Computer Architecture and Operating Systems Department, Autonomous University of Barcelona, Bellaterra, 08193 Barcelona, Spain

Received 1 October 2013; Accepted 18 November 2013

Academic Editors: T. Chen, Q. Cheng, and J. Yang

Copyright © 2013 Andrés Cencerrado et al. This is an open access article distributed under the Creative Commons Attribution License, which permits unrestricted use, distribution, and reproduction in any medium, provided the original work is properly cited.


This work presents a framework for assessing how the existing constraints at the time of attending an ongoing forest fire affect simulation results, both in terms of quality (accuracy) obtained and the time needed to make a decision.
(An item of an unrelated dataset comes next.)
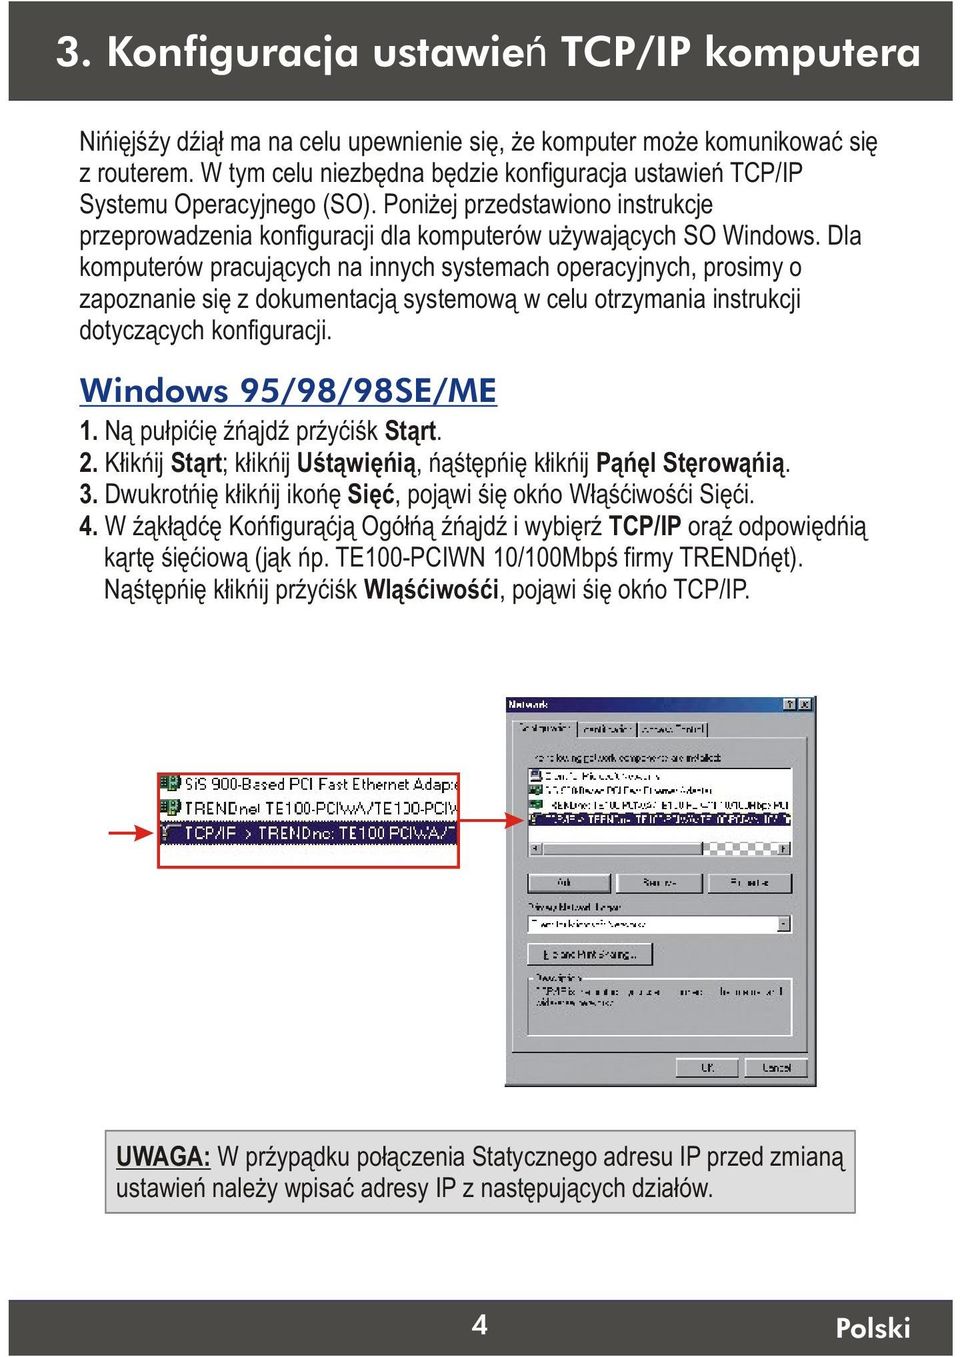 Dla komputerów pracujàcych na innych systemach operacyjnych, prosimy o zapoznanie siæ z dokumentacjà systemowà w celu otrzymania instrukcji dotyczàcych konfiguracji. Windows 95/98/98SE/ME 1.

In the wildfire spread simulation and prediction area, it is essential to properly exploit the computational power offered by new computing advances. For this purpose, we rely on a two-stage prediction process to enhance the quality of traditional predictions, taking advantage of parallel computing. This strategy is based on an adjustment stage which is carried out by a well-known evolutionary technique: Genetic Algorithms. The core of this framework is evaluated according to the probability theory principles. Thus, a strong statistical study is presented and oriented towards the characterization of such an adjustment technique in order to help the operation managers deal with the two aspects previously mentioned: time and quality. The experimental work in this paper is based on a region in Spain which is one of the most prone to forest fires: El Cap de Creus.